* [ASSIGNMENT] Look for the line containing "Buy Jesus Is" and the line containing "RESOLUTION No. 456/2017" in the entries below. Copy those two and all lines between them exactly, leaving out pictures.

* [EXERCISE DATA]
□ □ □ □ □ □ □

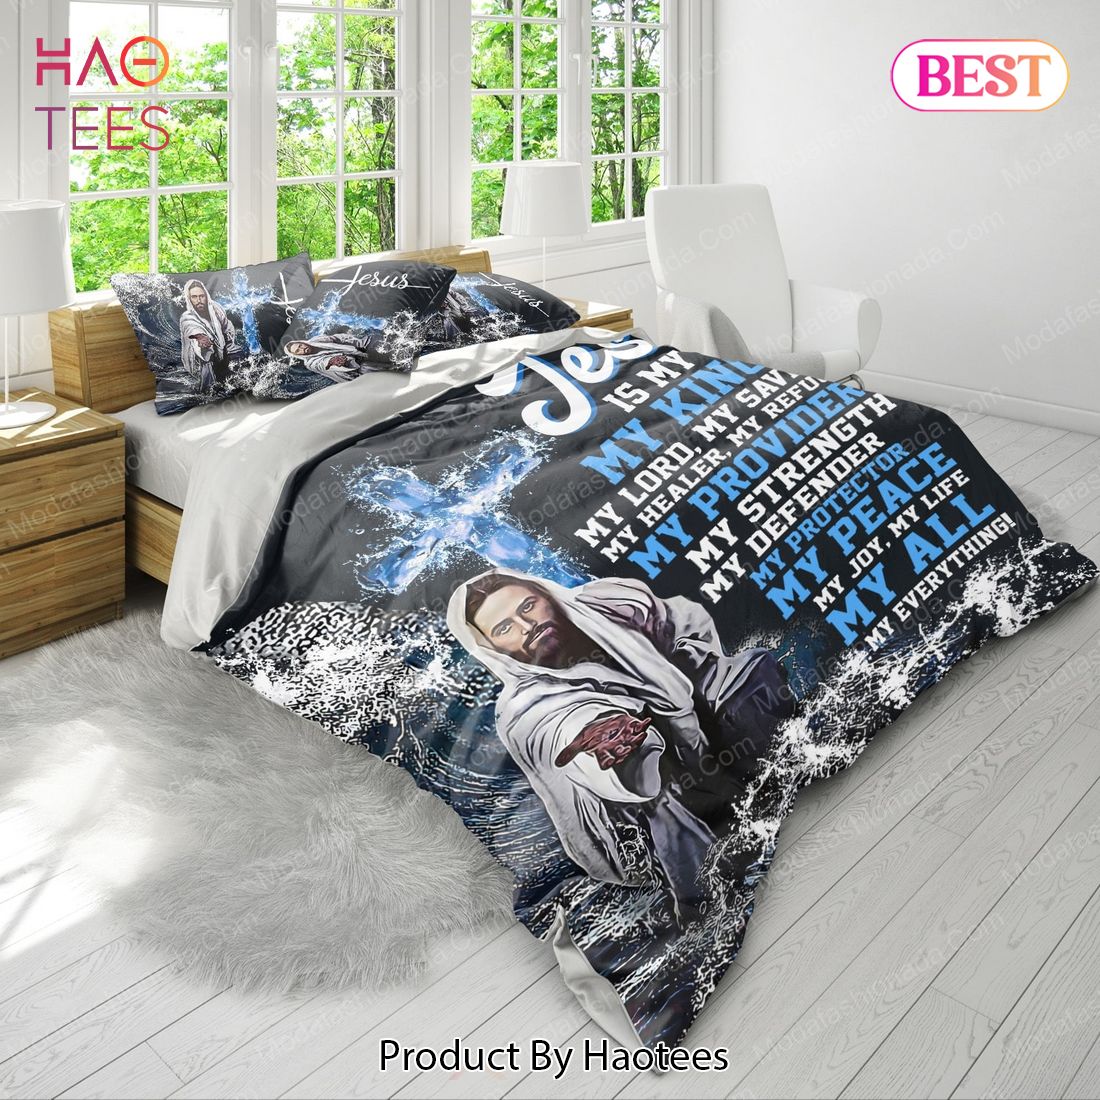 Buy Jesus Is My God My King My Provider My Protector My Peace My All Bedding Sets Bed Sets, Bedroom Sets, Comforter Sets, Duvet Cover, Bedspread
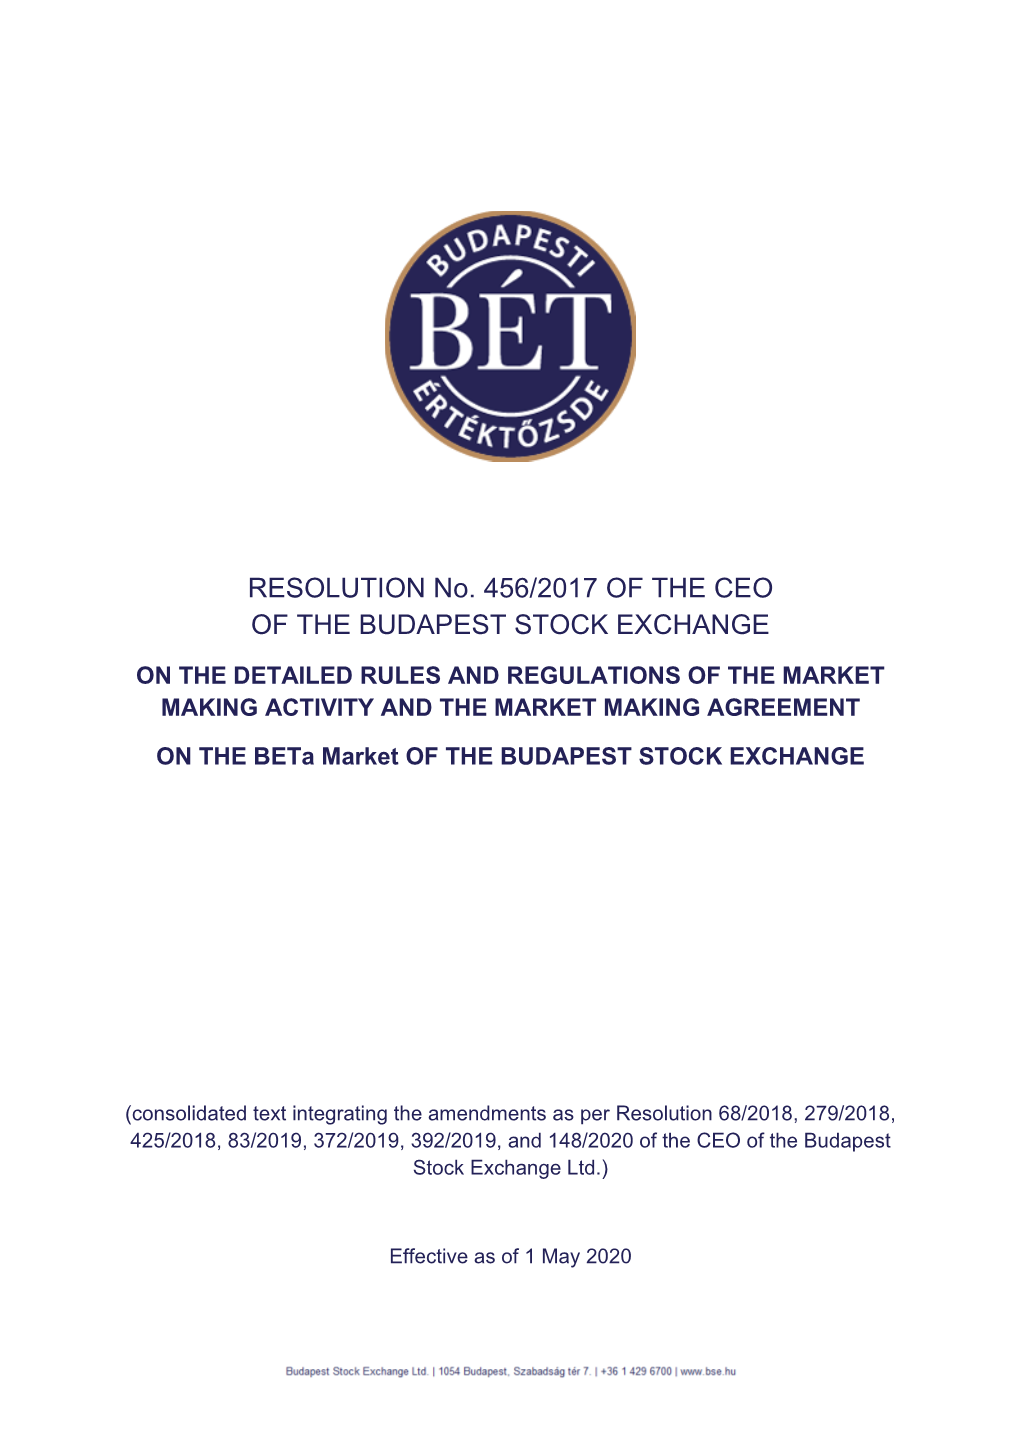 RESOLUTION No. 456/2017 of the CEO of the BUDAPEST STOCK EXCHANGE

□ □ □ □ □ □ □

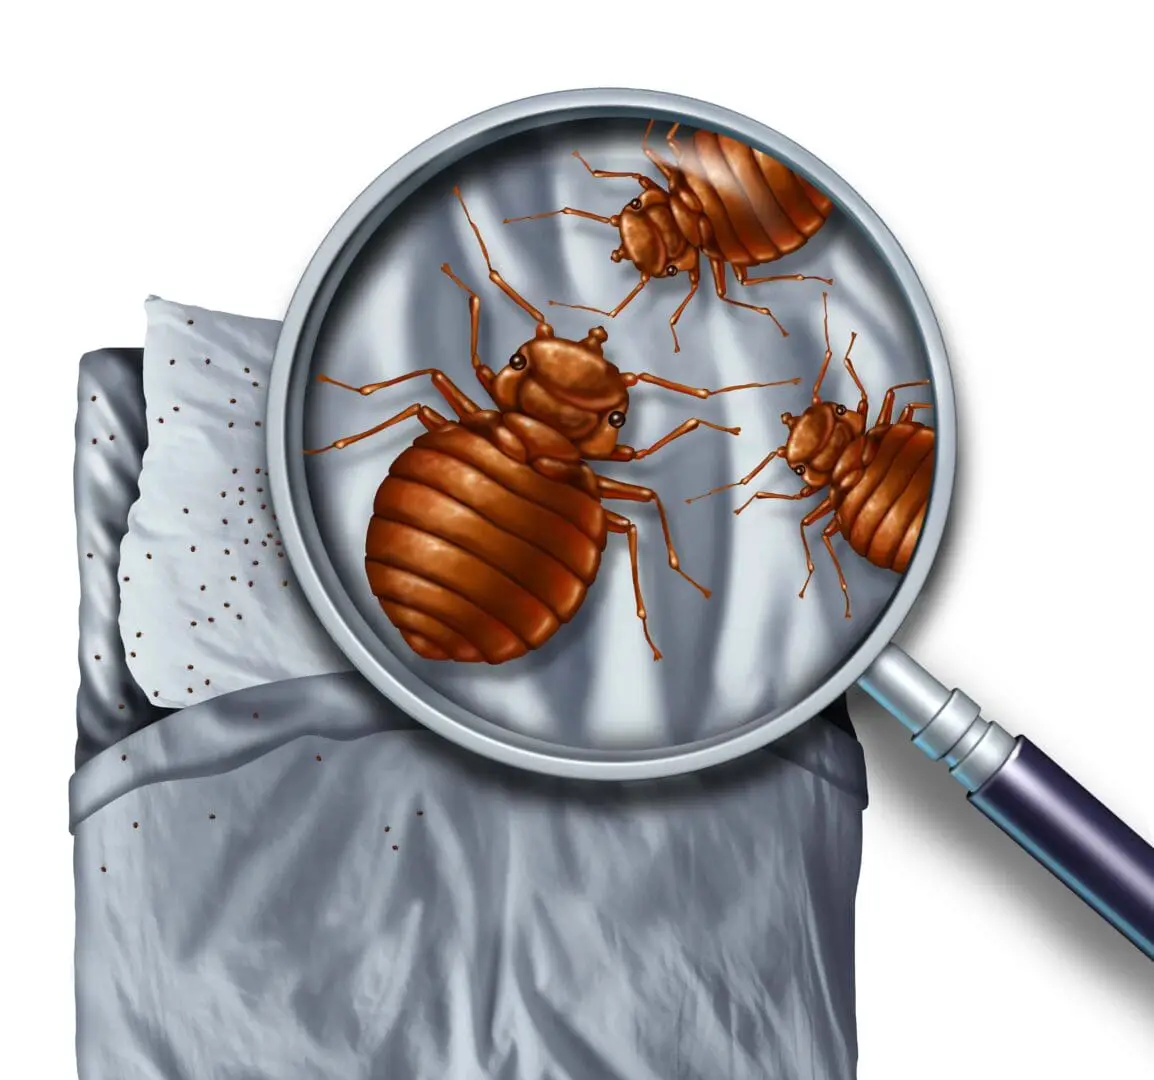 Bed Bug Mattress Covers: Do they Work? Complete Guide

□ □ □ □ □ □ □

* [TASK SOLUTION]
 Buy Jesus Is My God My King My Provider My Protector My Peace My All Bedding Sets Bed Sets, Bedroom Sets, Comforter Sets, Duvet Cover, Bedspread
 RESOLUTION No. 456/2017 of the CEO of the BUDAPEST STOCK EXCHANGE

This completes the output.